Русская канарейка. Блудный сын
– «Сердце полно жаждой мщенья! Мщенье и гибель всем врагам!»
Эська глядела на отца сияющими глазами. Она его очень любила. У папы были чудесные, серые в крапинку глаза в густых ресницах, победного рисунка брови, очень выразительный «таранный» взгляд: прежде чем он начинал говорить, уже было ясно, о чем он думает.

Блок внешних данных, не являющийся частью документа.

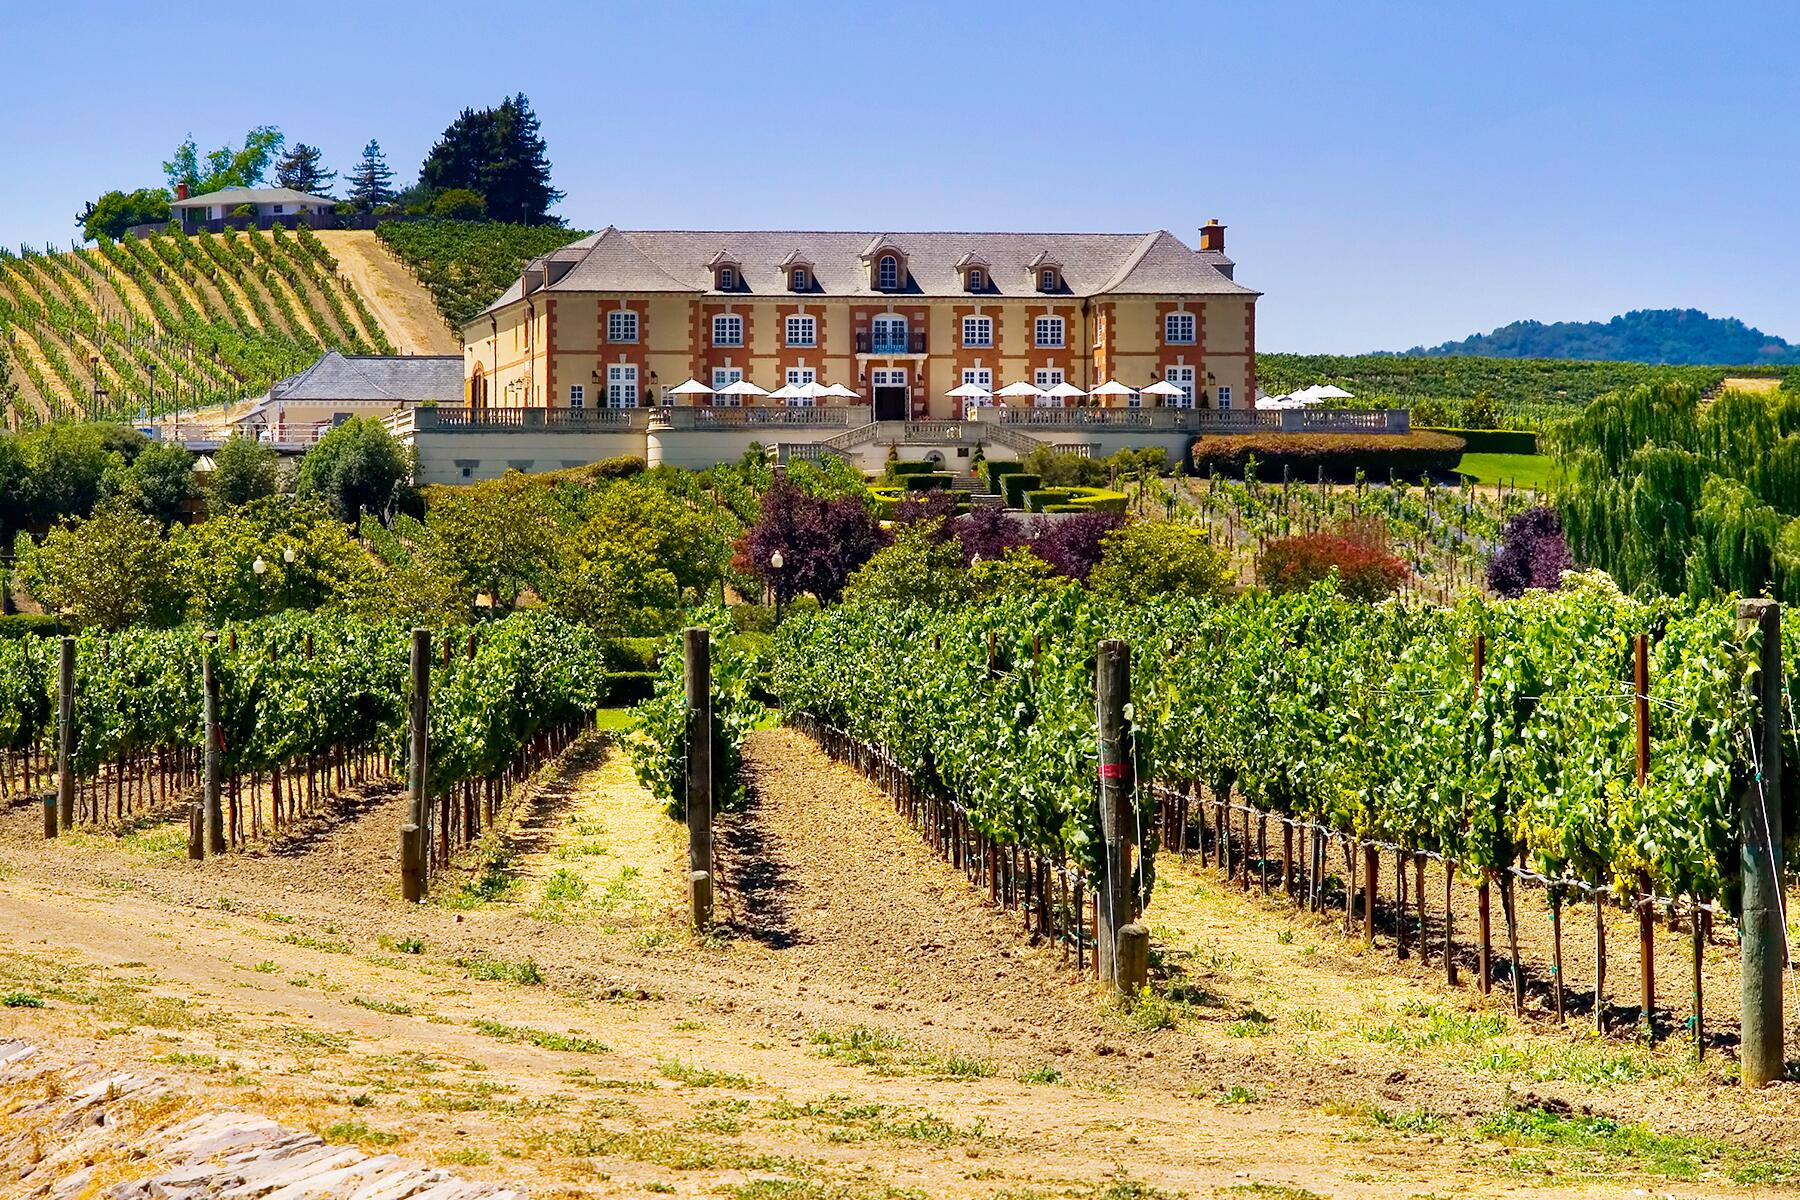 The Perfect 3-Day Weekend Road Trip Itinerary to Napa Valley

В тот миг, когда, устремившись с кресла вперед, точно собираясь прыгнуть с помоста купальни, сцепив перед собой сильные кисти (а выразительные большие пальцы нервно перекручивали невидимое веретено), он горячо втолковывал профессору что-то о «накопленном репертуаре» дочери, Эська припомнила некий синий с холодным румянцем день ранней весны, когда классная дама Рыгалина по кличке Влюбленная Вошь вела группу гимназисток на Дерибасовскую, в дом Сепича – запечатлеться в «Первоклассной фотографии Я. Блоцерковского, придворнаго фотографа Его Величества Короля Румынскаго».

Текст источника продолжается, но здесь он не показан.